* **WHAT YOU WILL DO**: A word-for-word copy of the data, with no images, is the required answer.

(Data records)
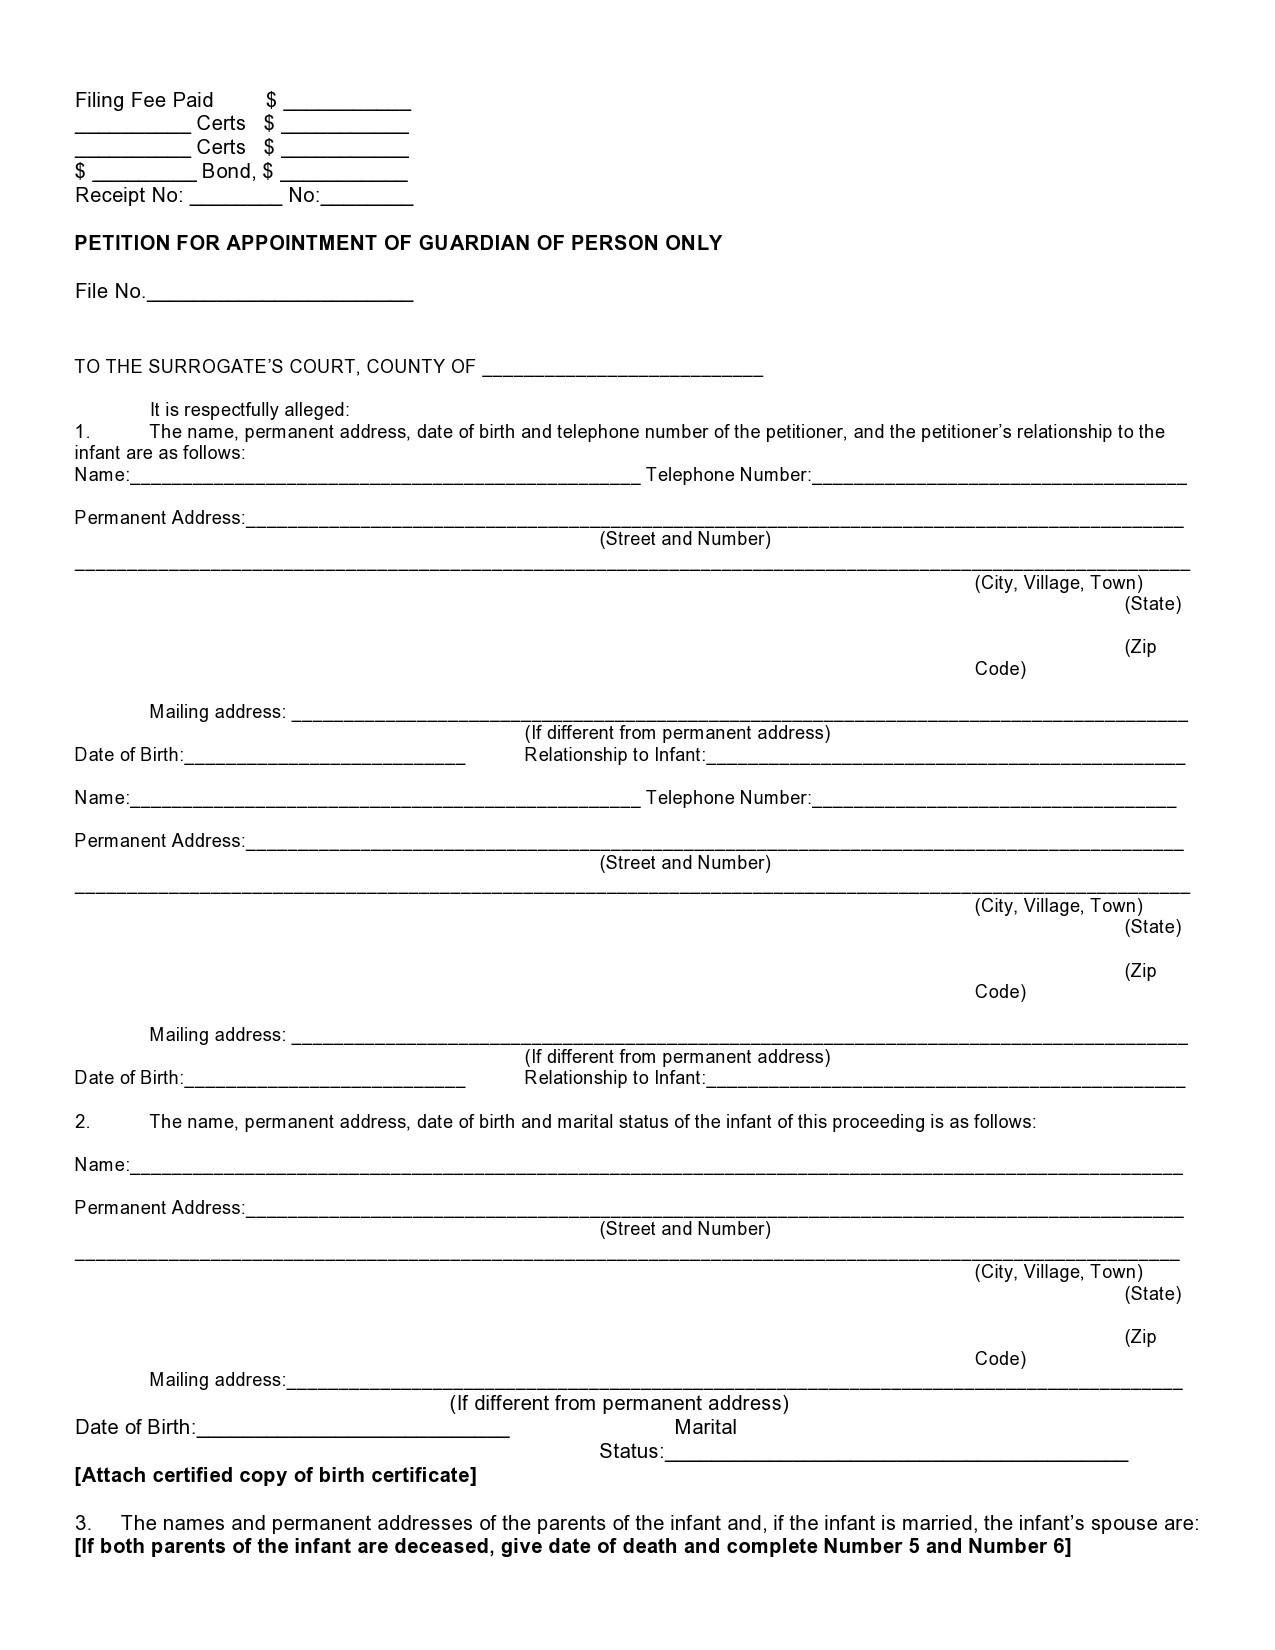 Free temporary guardianship form 12
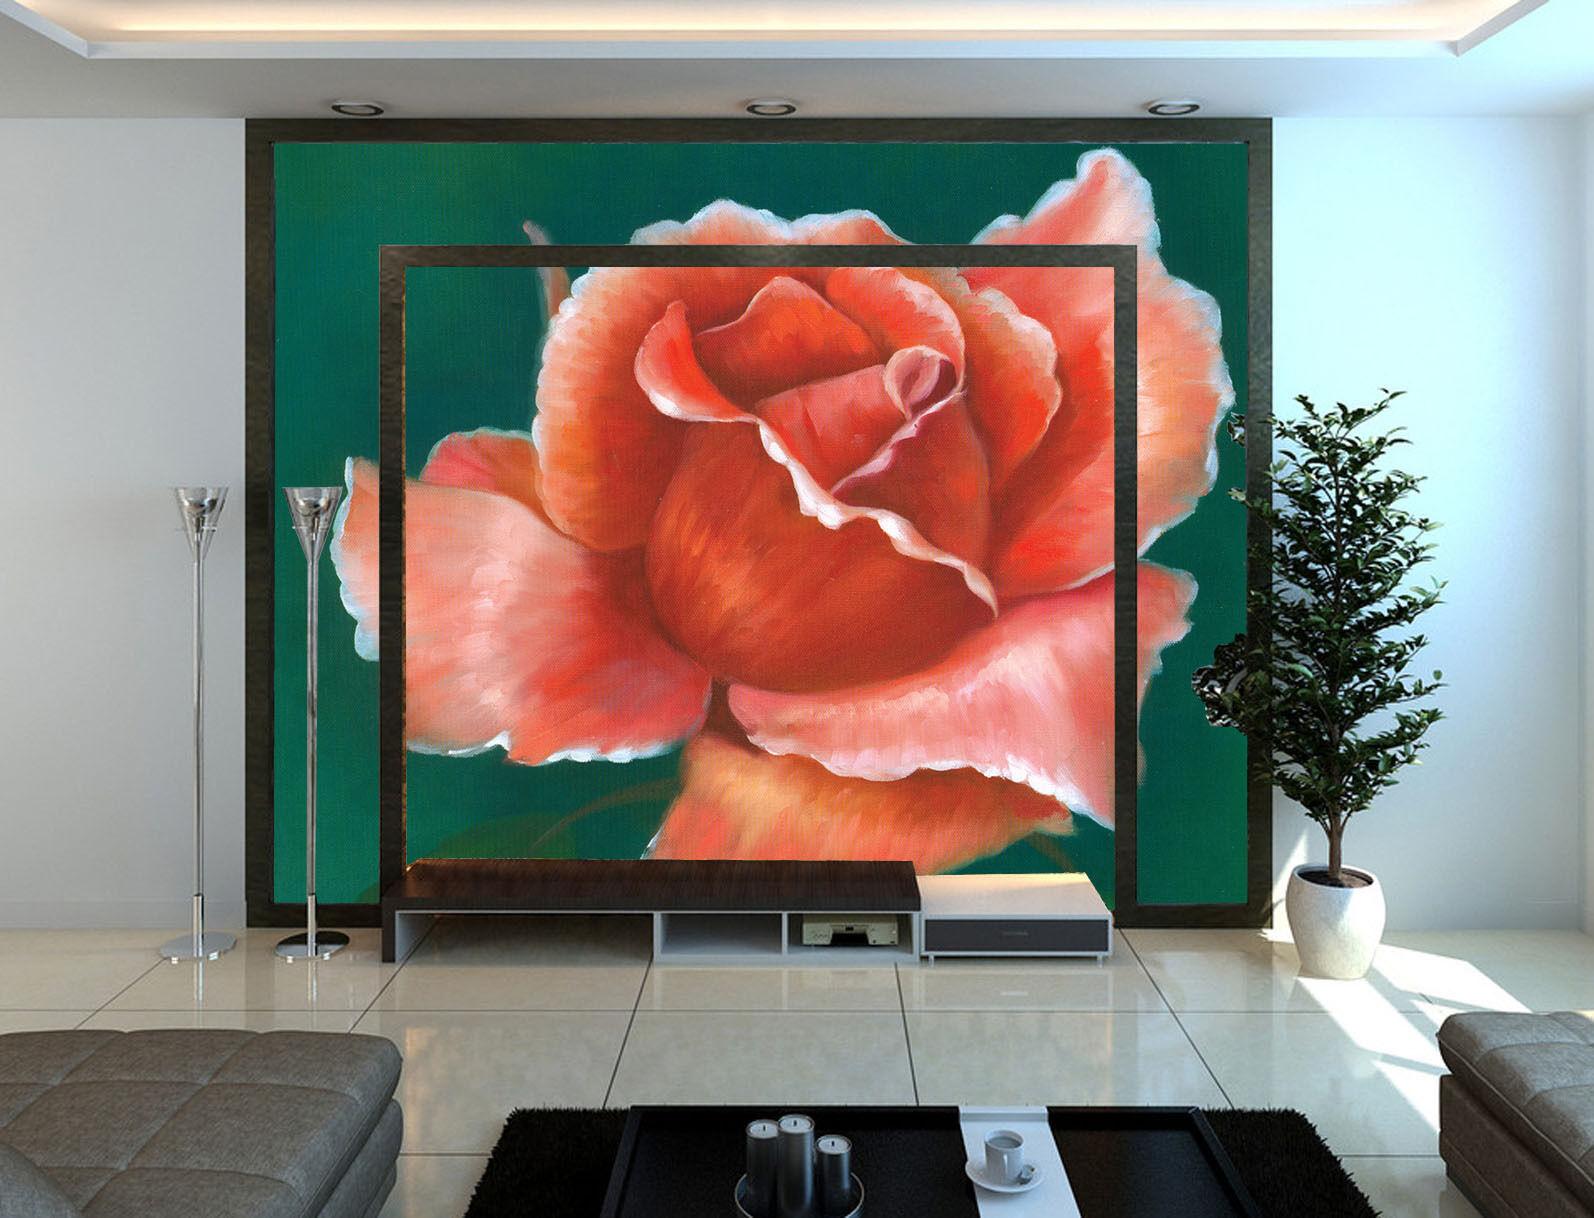 3D Die angehende Rose 6676 Fototapeten Wandbild Fototapete BildTapete Familie DE
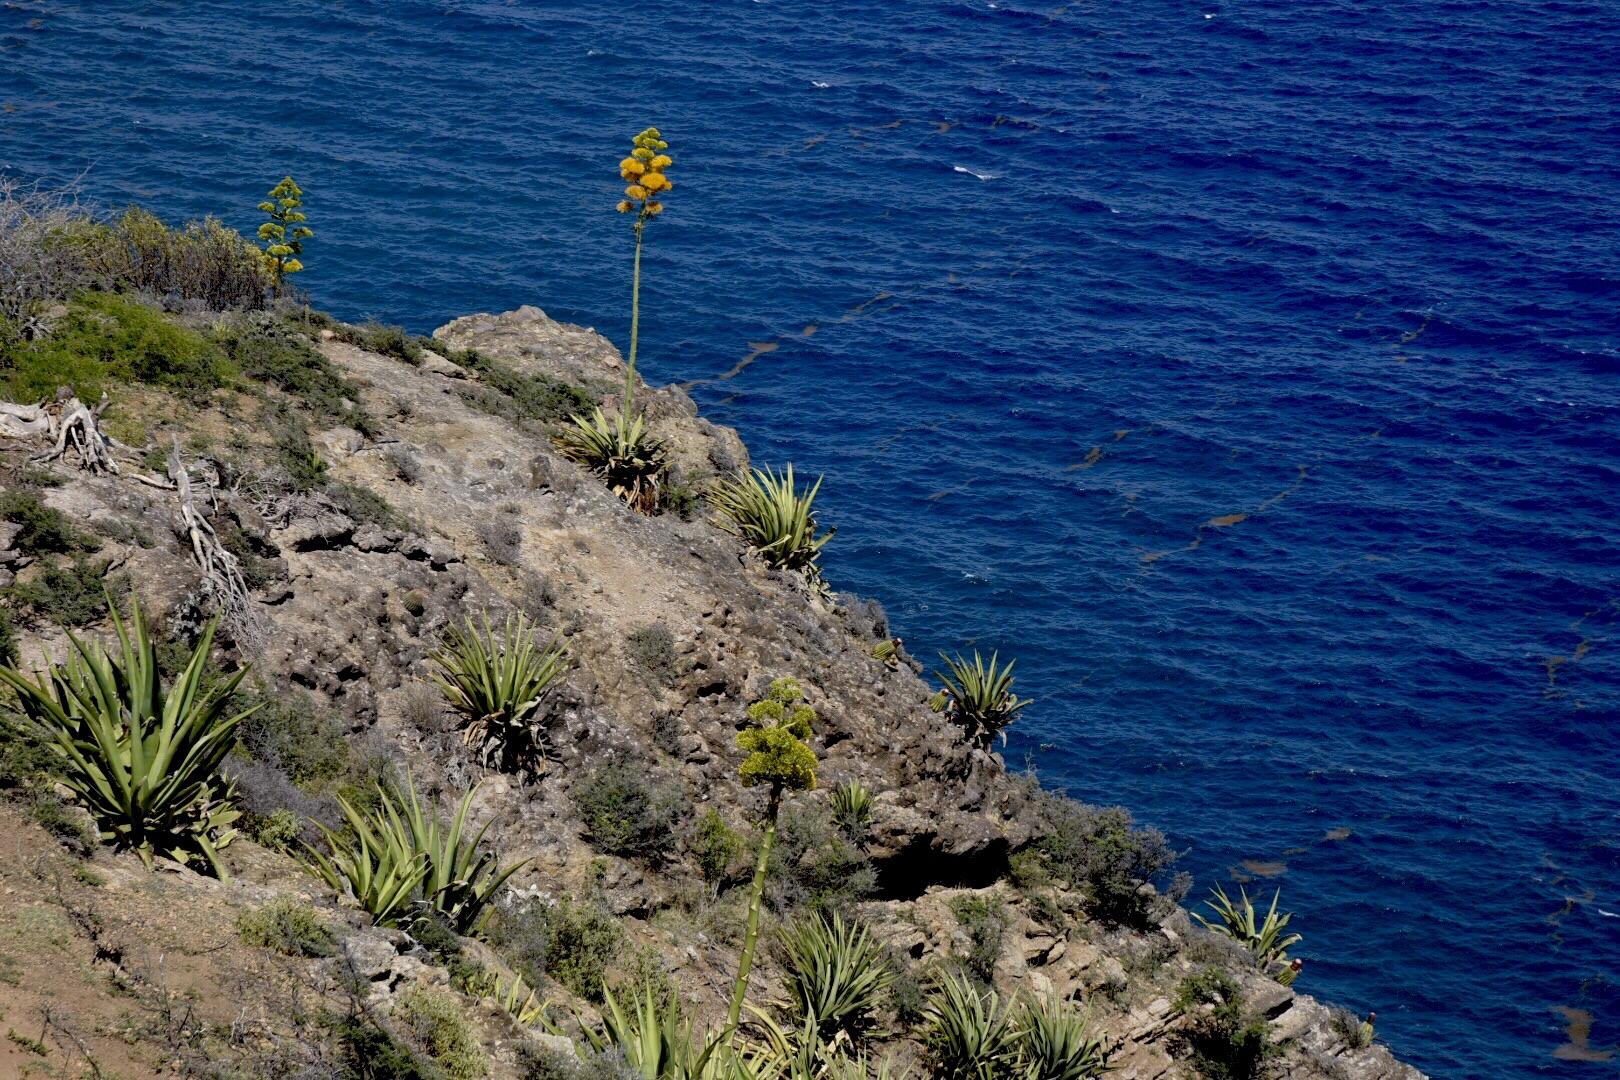 The dramatic century plant on the coast of Antigua
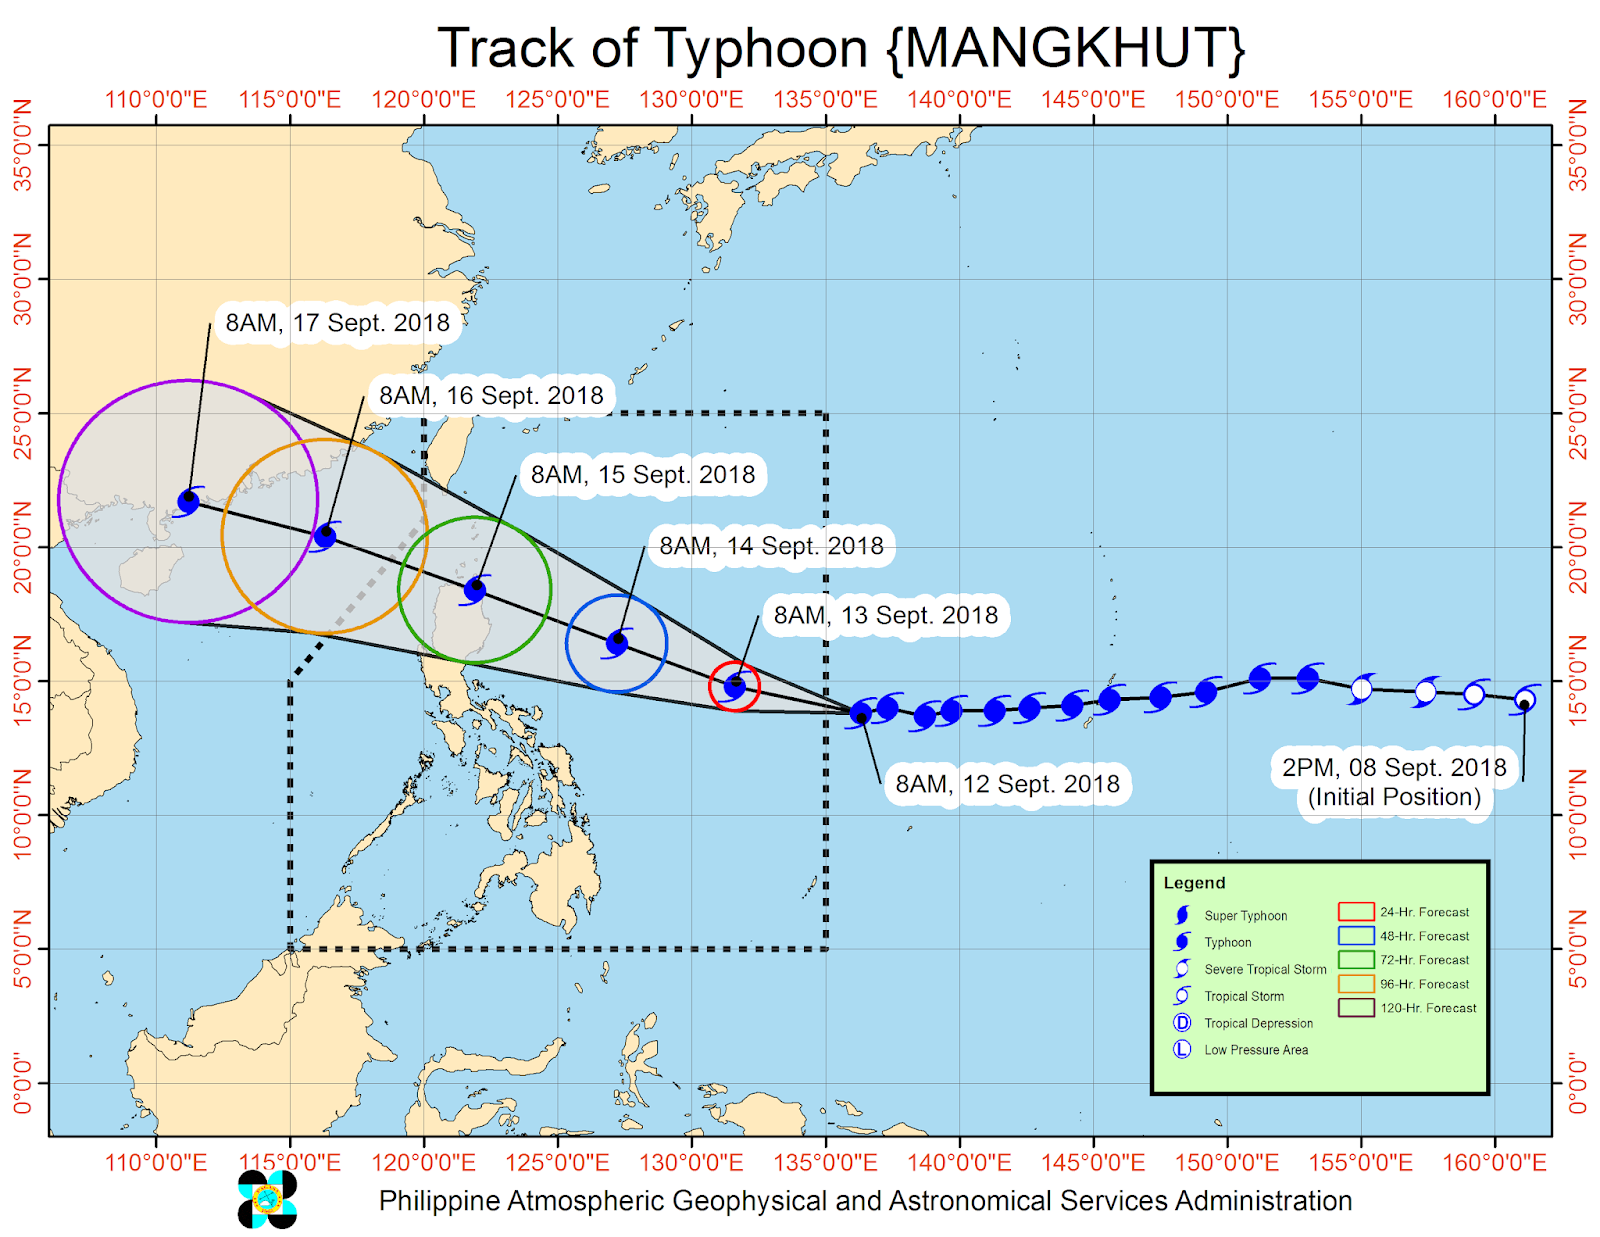 Typhoon Mangkhut (Ompong) track
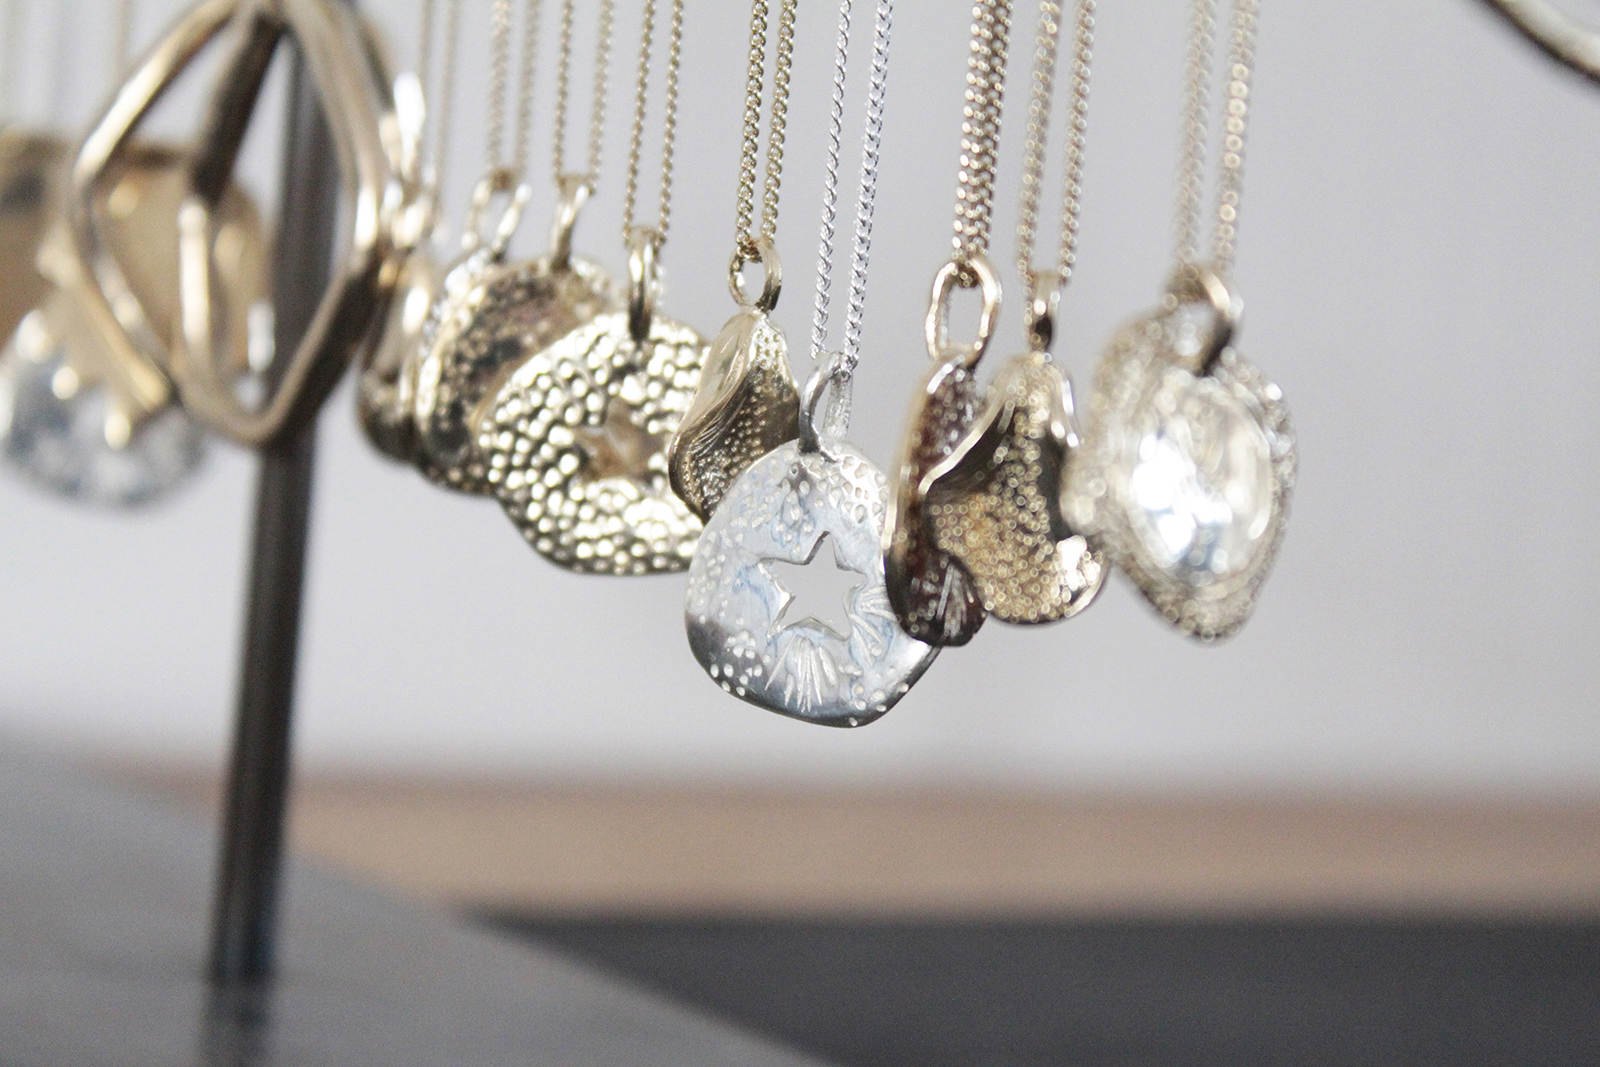 celine-lareynie-bijoux-fantaisie-colliers-en-argent-et-en-or-med

* **SOLUTION**:
 Free temporary guardianship form 12
 3D Die angehende Rose 6676 Fototapeten Wandbild Fototapete BildTapete Familie DE
 The dramatic century plant on the coast of Antigua
 Typhoon Mangkhut (Ompong) track
 celine-lareynie-bijoux-fantaisie-colliers-en-argent-et-en-or-med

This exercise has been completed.